Pandemic adds to food insecurity in Africa, but little threat in SA

Pandemic adds to food insecurity in Africa, but little threat in SA

This essay first appeared on Business Day, April 28, 2020

Global food and agricultural supply chains are taking strain from disruptions caused by the Covid-19 pandemic. This is the case whether one looks at meat or grain supply chains.

First, the US, Brazil and Canada, which accounted for nearly a third of global meat and edible offal exports in 2019, have closed some of their meat processing plants over the past few days in response to the spread of Covid-19 among employees. In the US and Canada, the major closures are beef and pork processing plants, while in Brazil the closures are of poultry-related plants. Given these countries’ significant combined contribution to global meat exports of 28%, if the plant closures spread and they remain closed for a prolonged period there could be a global meat shortage and a potential uptick in prices.

Fortunately for SA, from a beef perspective, it is a net exporter. Hence the closures of certain plants in top exporting countries present minimal risks from a food security perspective. However, when it comes to pork SA remains a net importer of mainly ribs from Europe. These imports accounted for roughly 6% of domestic consumption in 2019. Similarly, about 20% of domestic poultry consumption is imported, mainly from Brazil, the US and EU, according to Trade Map data. This essentially means that if the disruptions to meat processors in the US and Brazil persist and spill over to the global market, SA will be affected, particularly when it comes to poultry imports.

Second, wheat continues to be plagued by the spectre of export limitations. In March Russia placed an export quota of 7-million tonnes of wheat in the three months to June to protect its domestic supply during the pandemic before the July harvest of its new crop. This quota has now been reached, and it is unclear if the country will issue a new quota for the remaining months leading to July.

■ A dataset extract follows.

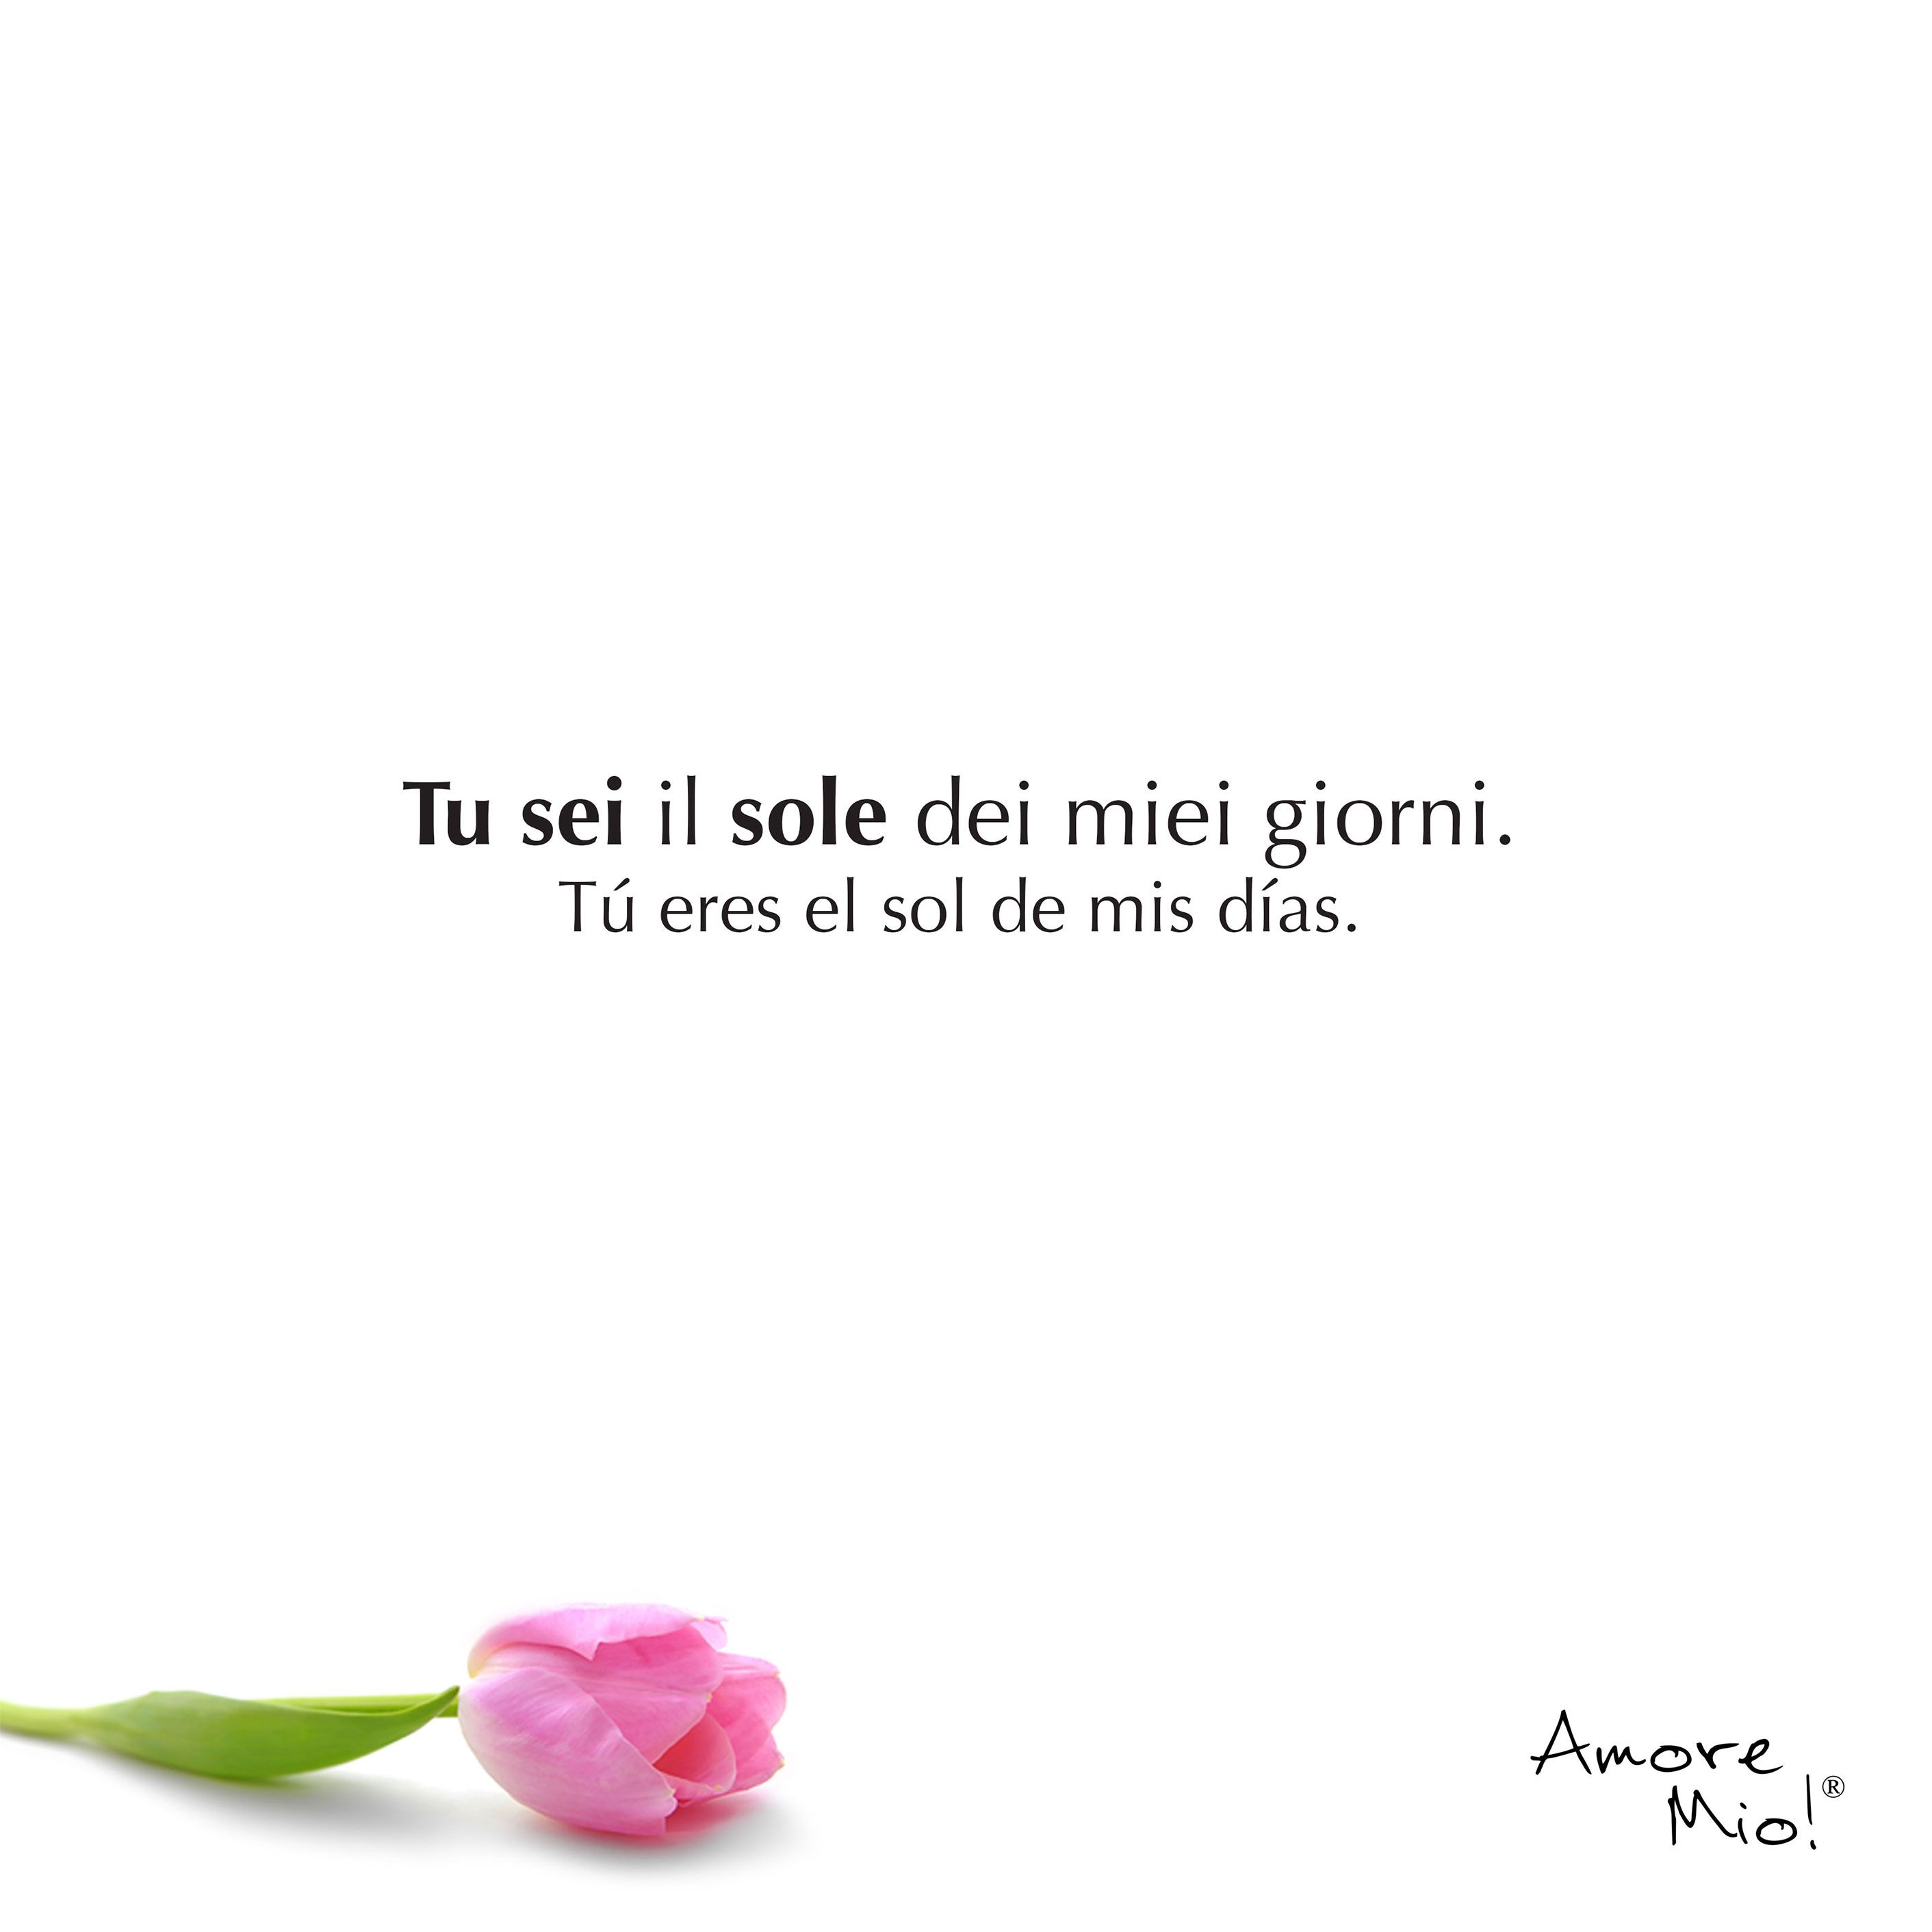 Frases cortas de Amor

Russia is the world’s leading wheat exporter, accounting for 19% of global wheat exports in the 2019/2020 season. On average, exports account for 45% of Russia’s wheat production of 77-million tonnes. With the International Grains Council forecasting a 9% year-on-year increase in Russia’s wheat production in 2020/2021, I doubt further wheat export restrictions will be announced post-July 2020. Nonetheless, the policy direction Russia takes will have implications for SA, which imports half of its annual wheat consumption, with Russia among the leading suppliers.

Third, looking further afield to the rest of Africa, there are rising concerns over food insecurity in 2020. These stem from unfavourable weather conditions, which has negatively affected agriculture in various countries and spreading locust swarms.

Zimbabwe suffered from drought and floods in 2019, and the production of staple crops fell more than half. Agriculture in Zimbabwe also started the 2020 production season on the back foot due to unfavourable weather. The International Grains Council forecasts the country’s 2019/2020 maize production at 800,000 tonnes, which is less than half of what it needs to satisfy annual consumption of 2-million tonnes. In East Africa, as locusts continue to spread Kenya, Somalia and Uganda could experience crop losses.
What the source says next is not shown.